Enkel indien aftrek van de forfaitaire- en niet de werkelijke beroepskosten

Door een wetswijziging (van artikel 38, §1, eerste lid, 14° van het Wetboek van de inkomstenbelastingen 1992) is de fiscale vrijstelling van het voordeel van alle aard van de bedrijfsfiets en de fiscale vrijstelling van de fietsvergoeding vanaf 1 januari 2024 enkel nog mogelijk voor belastingplichtigen die kiezen voor het stelsel van de aftrek van de forfaitaire beroepskosten (voor het inkomstenjaar 2024 bedraagt dit forfait 5.750 euro).

Belastingplichtigen die kiezen voor de aftrek van de werkelijke beroepskosten worden derhalve automatisch uitgesloten van de vrijstellingsregeling.
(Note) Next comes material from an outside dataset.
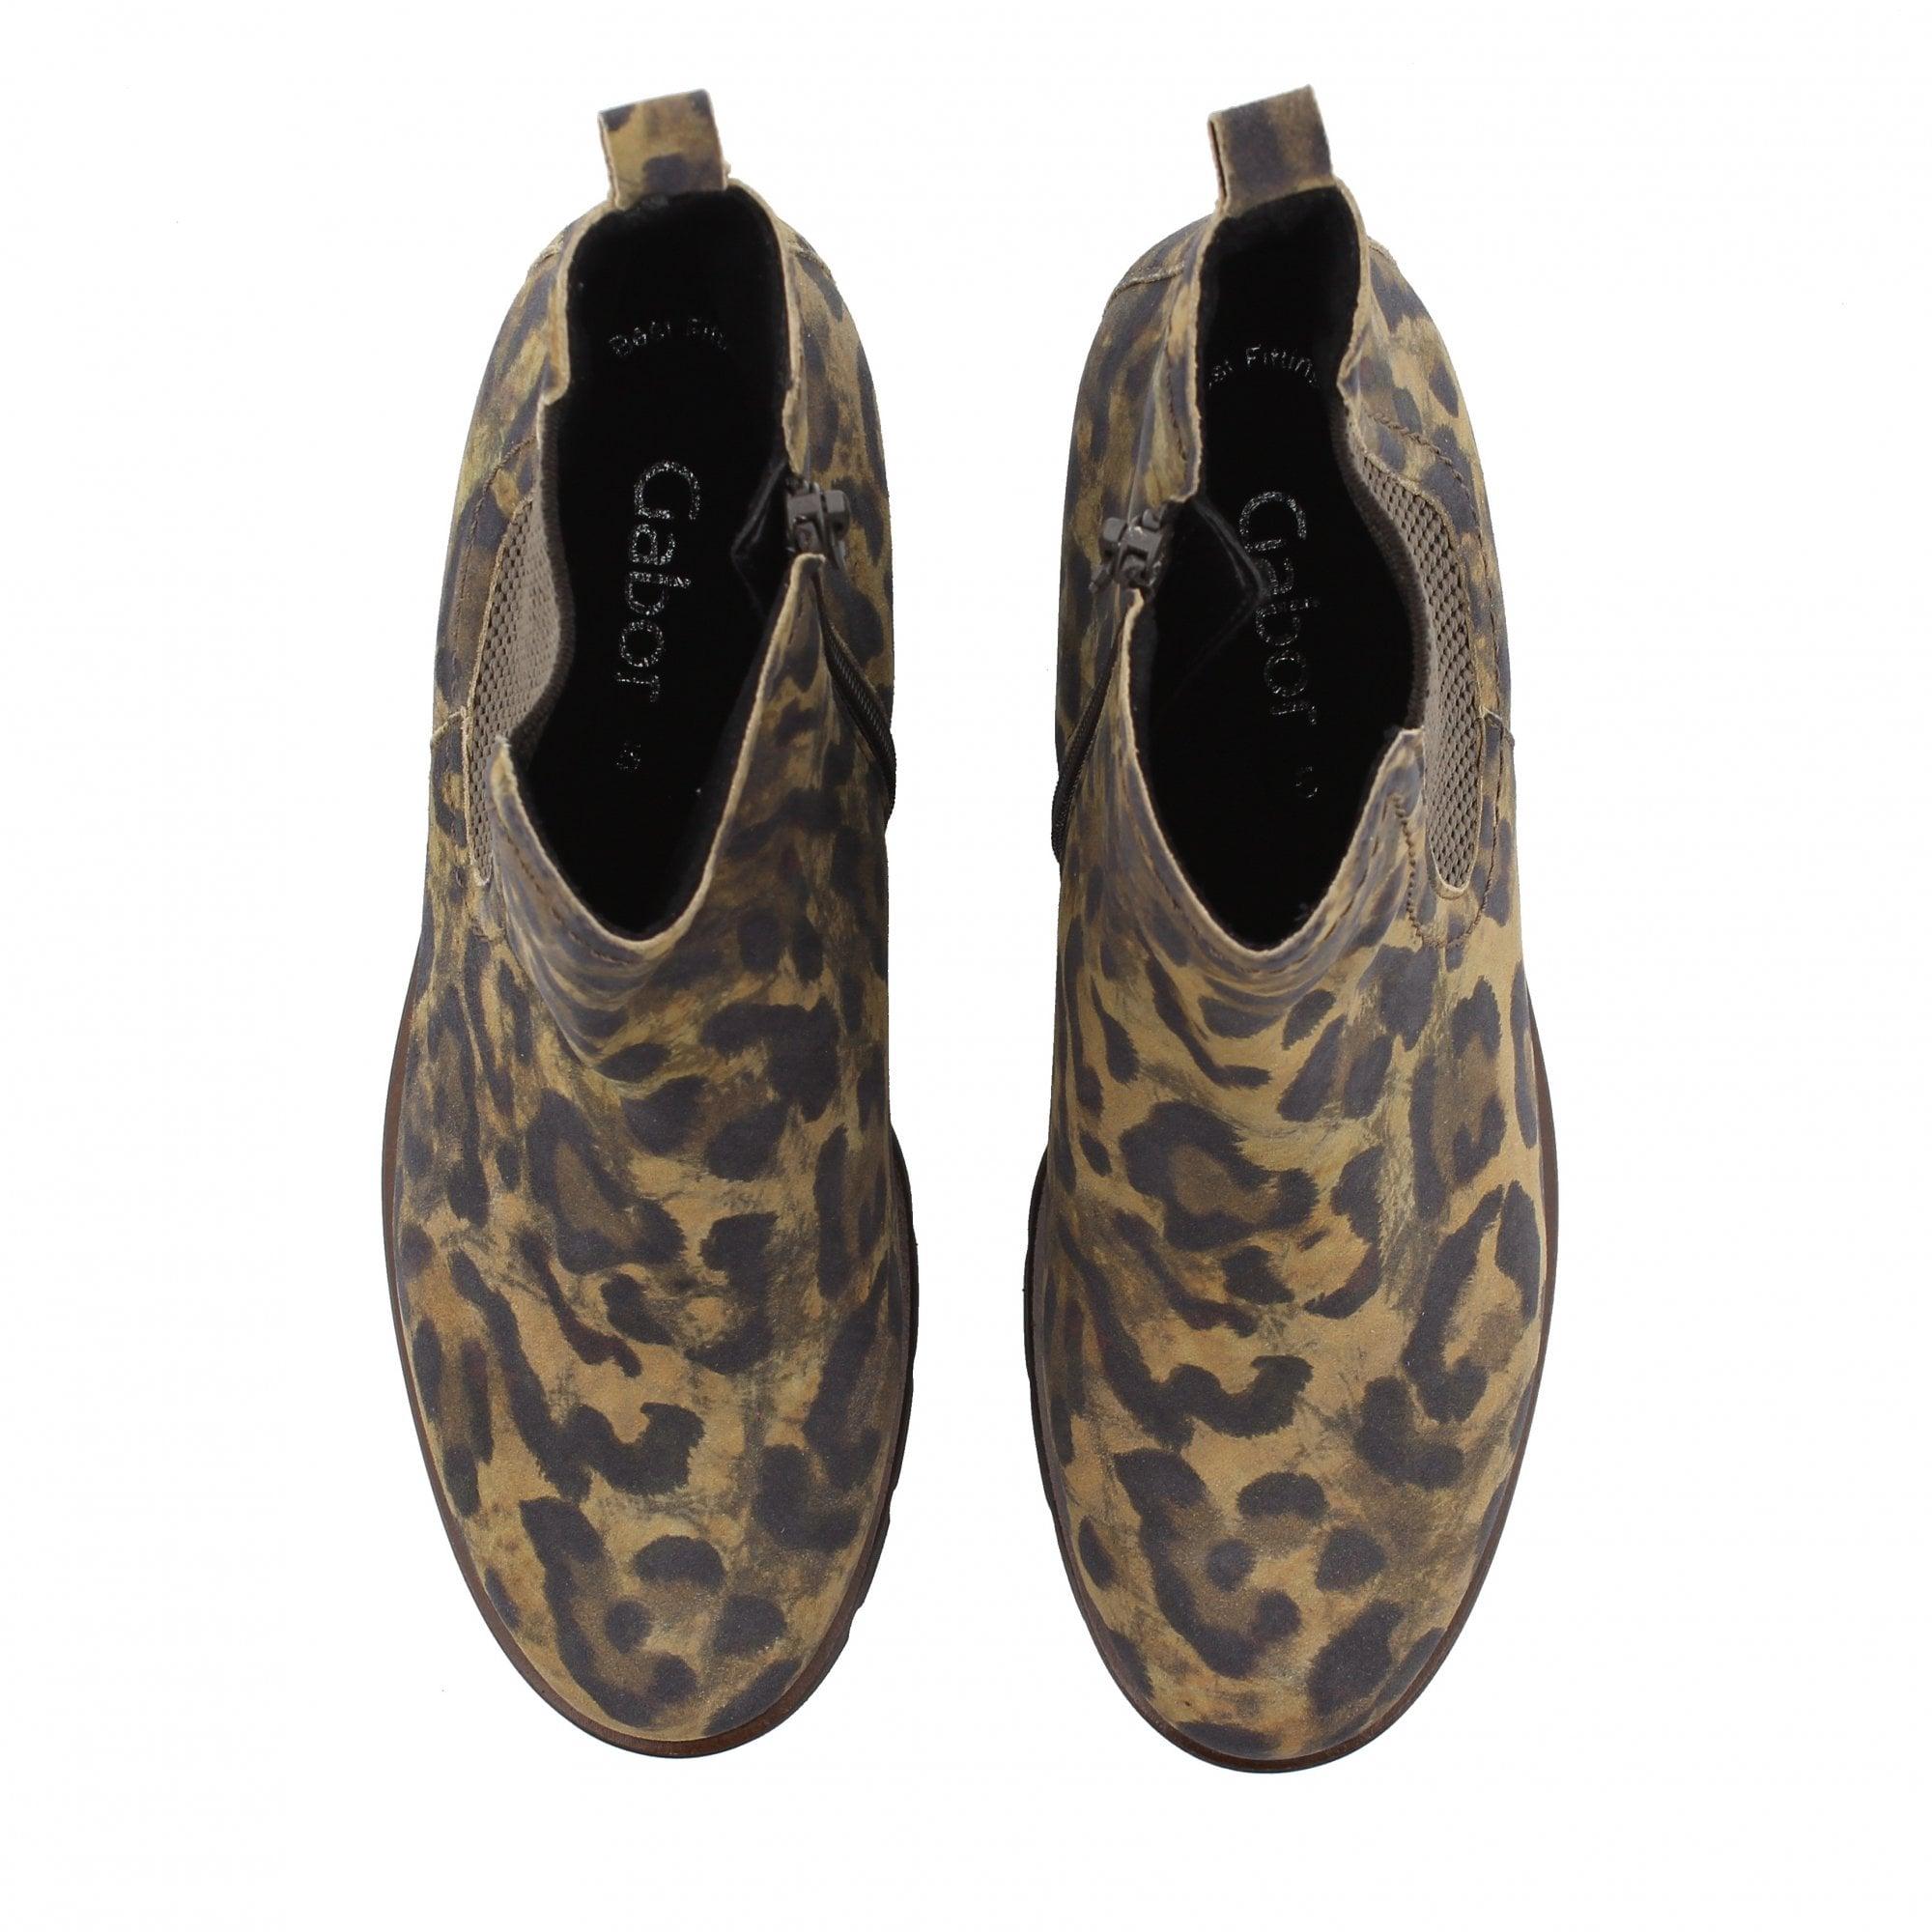 Gabor Bodo 34-710-48 Leopard Print

In dat geval maken de aan de werknemer of bedrijfsleider toegekende fietsvergoedingen en/of het voordeel van de bedrijfsfiets een beroepsinkomen uit dat belastbaar is tegen het progressief tarief. De werkelijke kosten van de fiets (en de verplaatsingen) zijn dan wel aftrekbaar.

Nieuw basisbedrag fietsvergoeding

Anderzijds werd sinds 1 januari 2024 het te indexeren basisbedrag van de kilometervergoeding verhoogd naar 0,177 euro, zodoende het fietsgebruik aan te moedigen. Voordien bedroeg dit nog 0,145 euro. Zo bedraagt voor inkomstenjaar 2024 (aanslagjaar 2025) de geïndexeerde kilometervergoeding 0,35 euro per afgelegde kilometer.
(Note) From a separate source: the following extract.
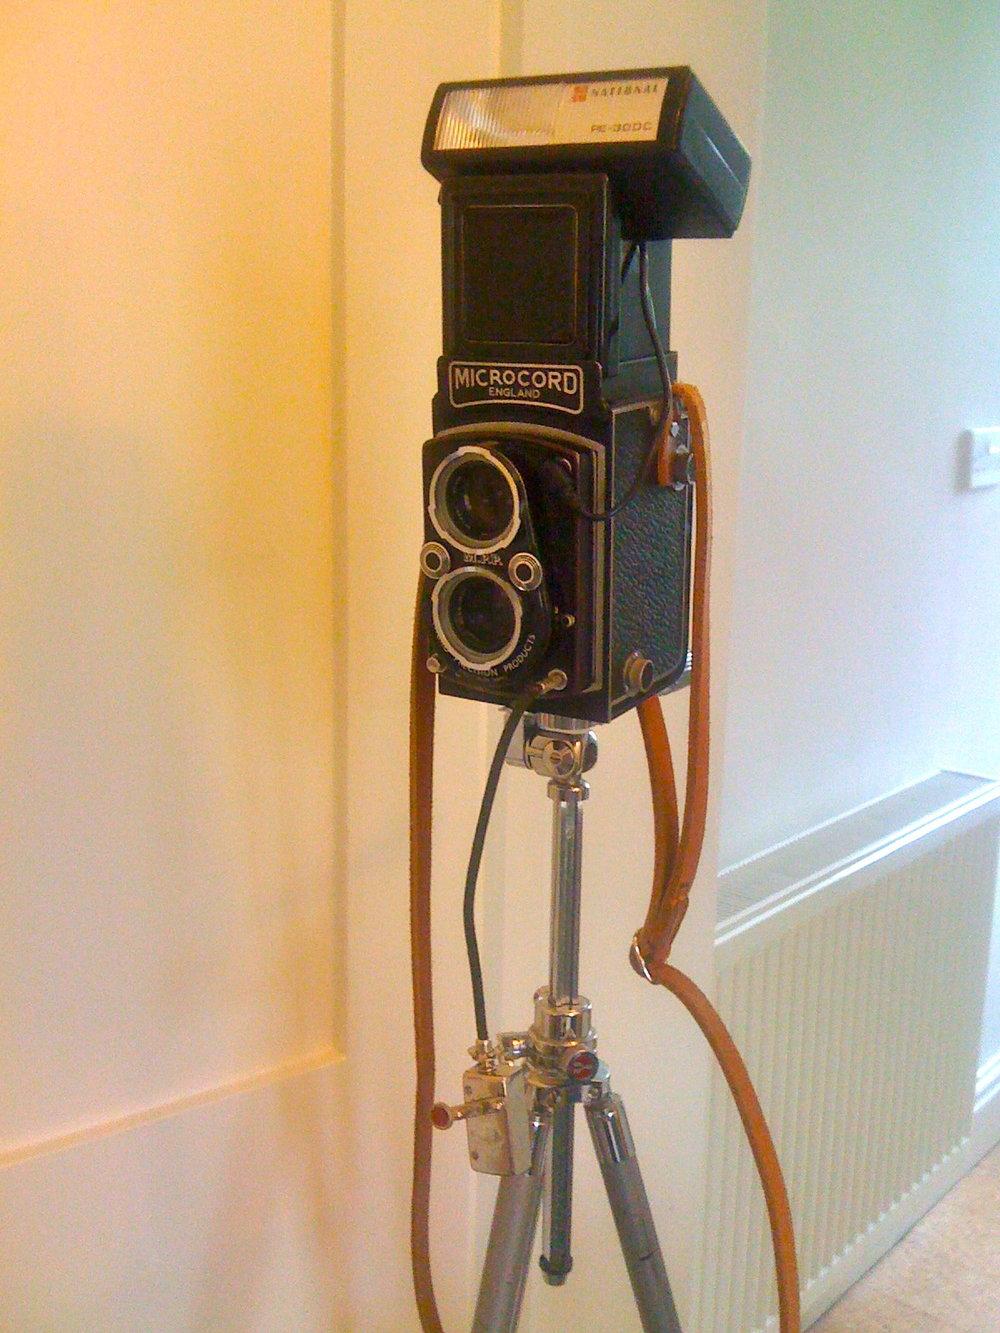 Super Dork-Tastic Self Portrait Rig…     MPP Microcord   Leningrad 8 Meter   Yashica Tripod   National Flash   Haka Autoknips

Vrijstellingsplafond fietsvergoeding

Nieuw is wel dat er voortaan een plafond van toepassing is aan maximale fietsvergoeding die per belastingplichtige en per belastbaar tijdperk belastingvrij kunnen worden ontvangen. Dit plafond heeft een te indexeren basisbedrag van 1.285 euro. Voor inkomstenjaar 2024 (aanslagjaar 2025) bedraagt het geïndexeerde plafondbedrag 2.500 euro. Wanneer het hierboven vermelde maximum bedrag van 0,35 euro/km zou worden toegekend, betekent dit dat voor zo’n 7.142 kilometers een vrijgestelde fietsvergoeding zou kunnen worden toegekend, wat bij een dagelijkse verplaatsing gedurende 220 dagen per jaar overeen stemt met een woon-werk-afstand van 16 kilometer (enkel).

Enkel het gedeelte van de fietsvergoeding dat het jaarlijkse vrijstellingsplafond niet overschrijdt, maakt een belastingvrij inkomen uit.
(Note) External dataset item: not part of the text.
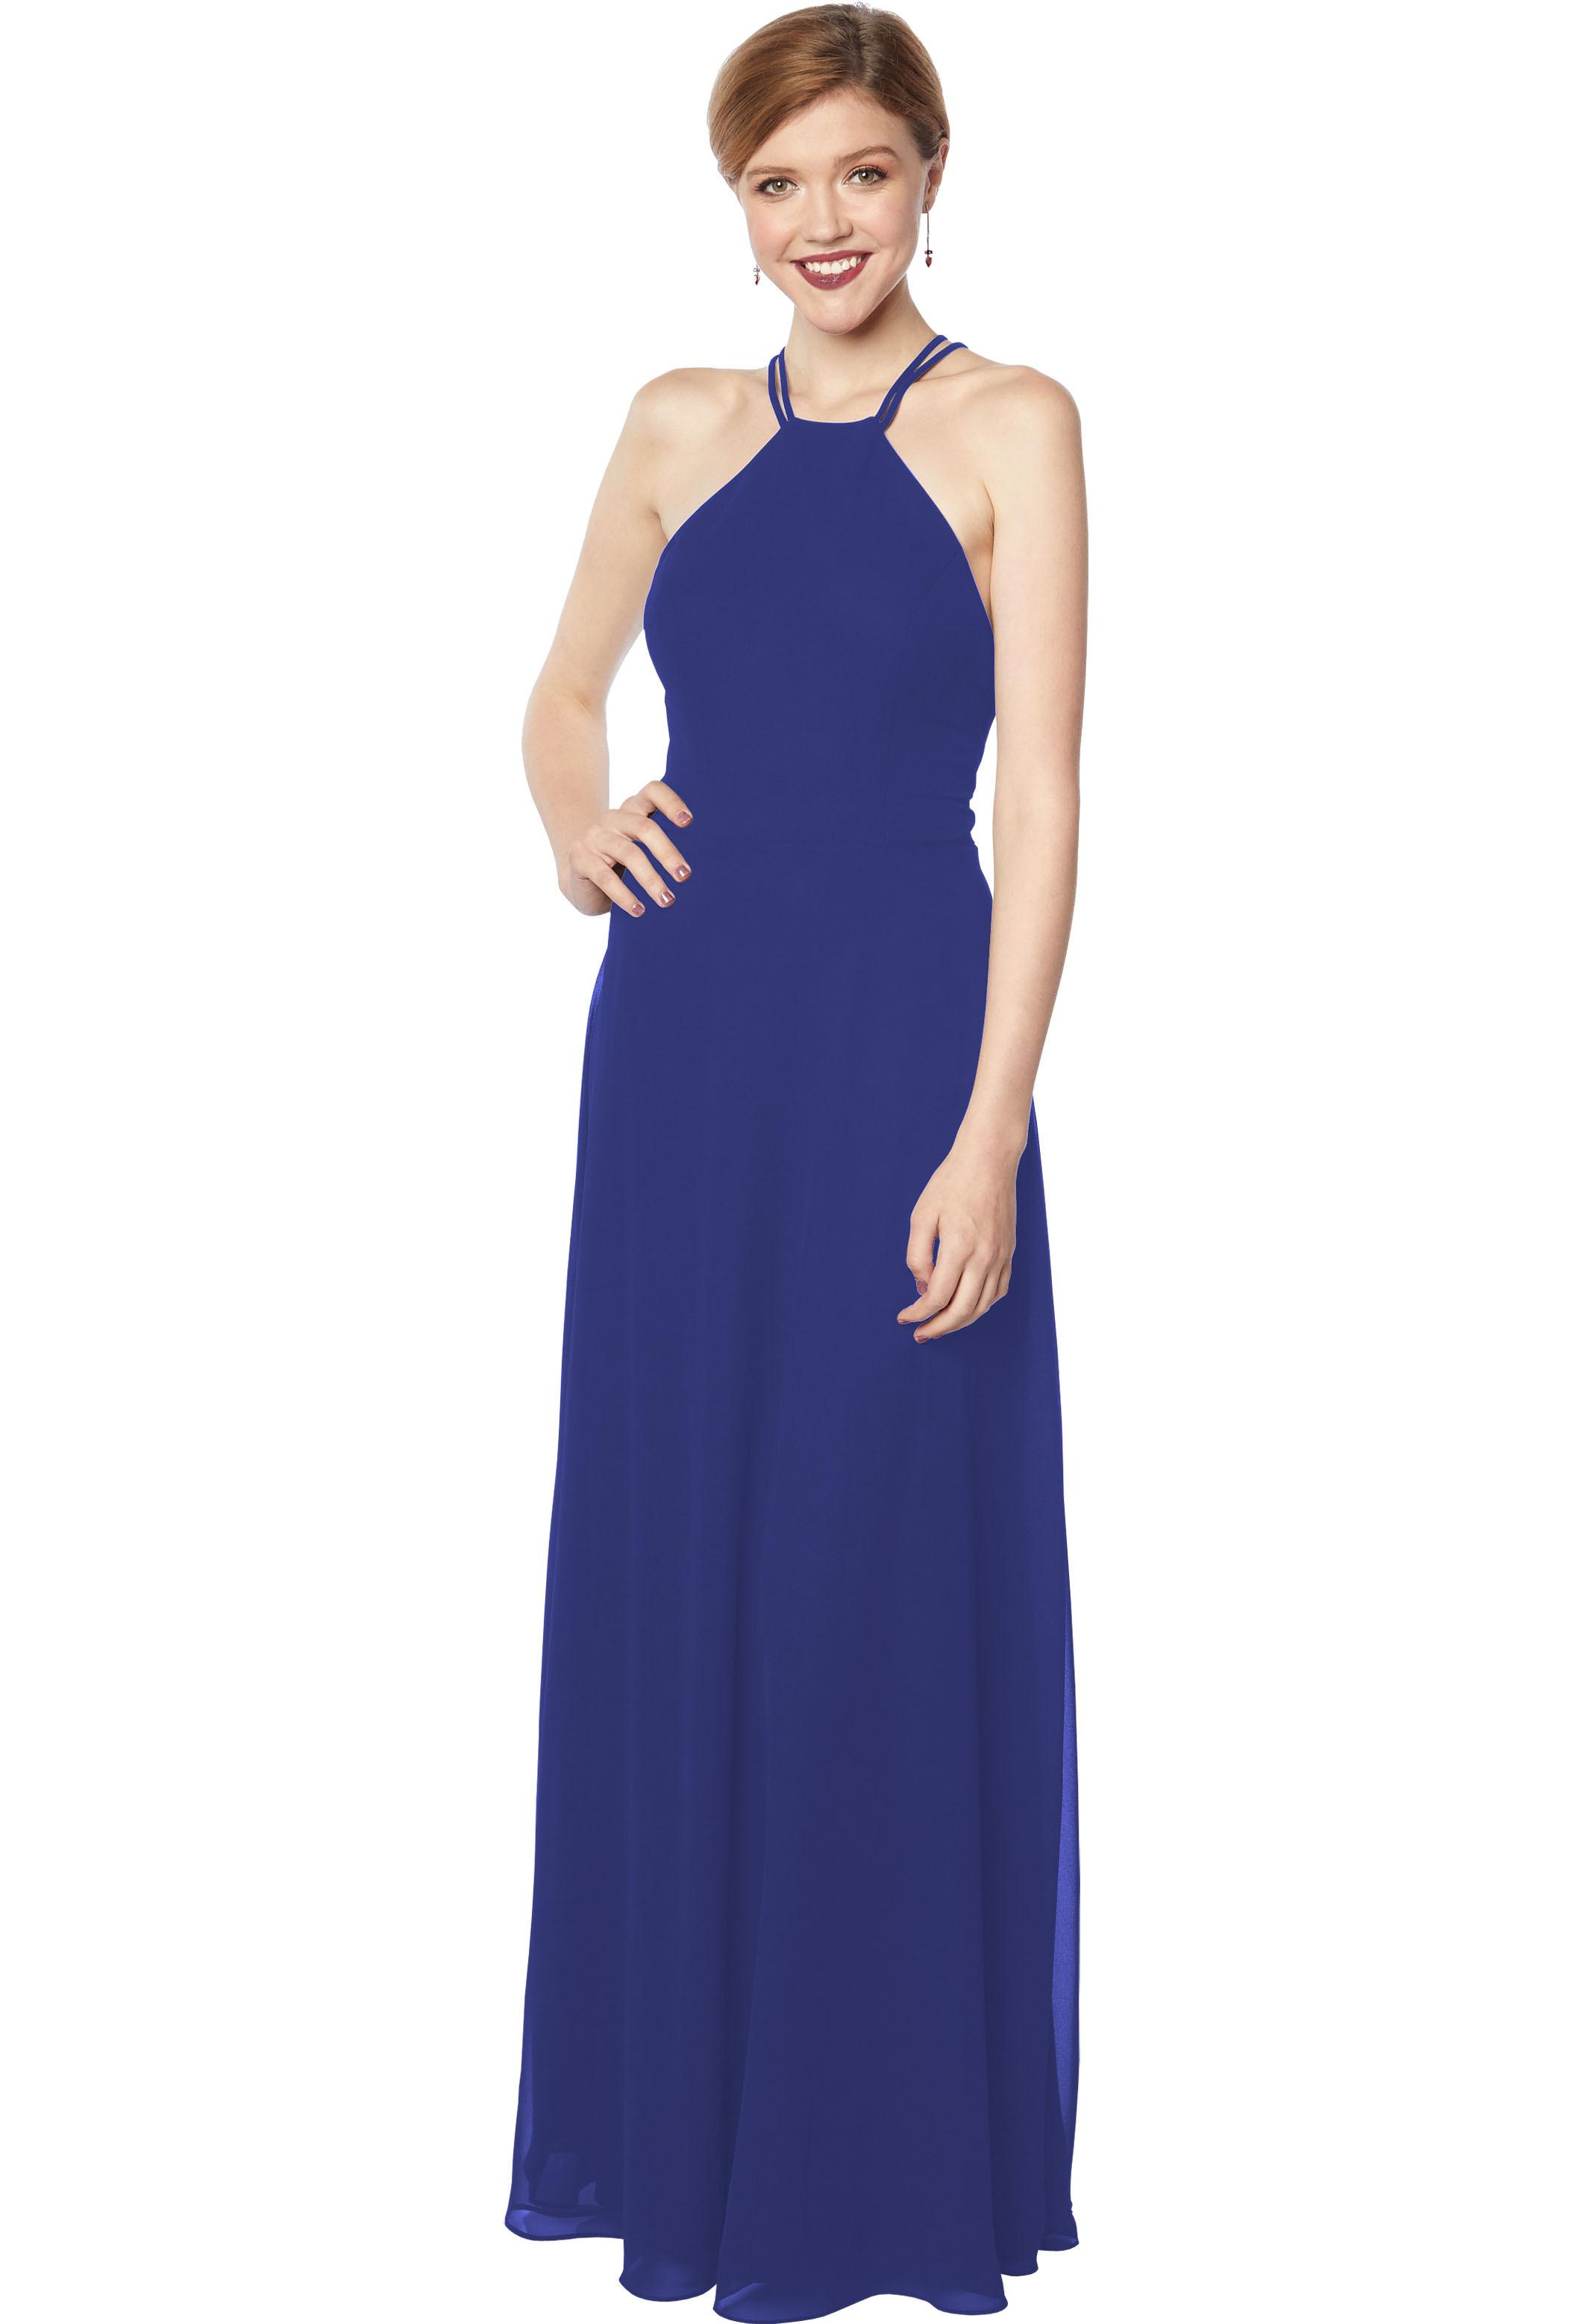 Bill Levkoff MARINE Chiffon Sleeveless A-line gown, $178.00 Front

Controlemogelijkheid van de fiscus door nieuwe ficheverplichting

Om de nieuwe voorwaarden te kunnen controleren, werd het vanaf 1 januari 2024 verplicht om het voordeel van de bedrijfsfiets en het totaalbedrag aan ontvangen fietsvergoedingen op een fiscale fiche (281.10 of 281.20) aan te geven.

Hierbij moet het aan te geven voordeel van de bedrijfsfiets trouwens worden vastgesteld volgens de werkelijke waarde bij de verkrijger, wat inhoudt dat het moet overeenstemmen met de volledige kostprijs (van de fiets, maar ook van de toebehoren, onderhoud, verzekering, enzovoort) die de genieter had moeten dragen indien hij zelf het voordeel zou dienen te financieren. De fiscale vrijstelling van het voordeel van de bedrijfsfiets is in tegenstelling tot de vrijstelling van de fietsvergoeding evenwel niet onderworpen aan een maximumbedrag.

In ieder geval moet het totaalbedrag aan ontvangen fietsvergoedingen en/of het voordeel van de bedrijfsfiets in hun totaliteit op de voornoemde fiscale fiches worden vermeld.

Maar omdat de controle van de vrijstelling slechts kan gebeuren op het niveau van de aangifte in de personenbelasting, worden de fietsvergoeding en het voordeel van de bedrijfsfiets wel niet in aanmerking genomen voor de grondslag waarop de bedrijfsvoorheffing wordt berekend en is er dus geen bedrijfsvoorheffing op verschuldigd.

Met deze nieuwe ficheverplichting zal de fiscus bij de vestiging van de aanslag in de inkomstenbelasting de mogelijkheid krijgen om na te gaan of een belastingplichtige niet dubbel de fiscale voordelen geniet, door enerzijds een belastingvrij voordeel van de bedrijfsfiets te genieten en vervolgens anderzijds nog eens zijn fietskosten in mindering brengt via de aftrek van de werkelijke beroepskosten. Daarnaast kan de fiscus zo ook makkelijker controleren of het grensbedrag van de kilometervergoeding evenals het jaarlijkse vrijstellingsplafond niet wordt overschreden.

Indien er, voor inkomstenjaar 2024 (aanslagjaar 2025), een hogere kilometervergoeding dan 0,35 euro per afgelegde kilometer wordt toegekend of wanneer het vrijstellingsplafond van 2.500 eurowordt overschreden, vormt dit voor het overschrijdende gedeelte immers een belastbaar beroepsinkomen voor de werknemer of bedrijfsleider.

Wat betekent dit voor u en uw onderneming?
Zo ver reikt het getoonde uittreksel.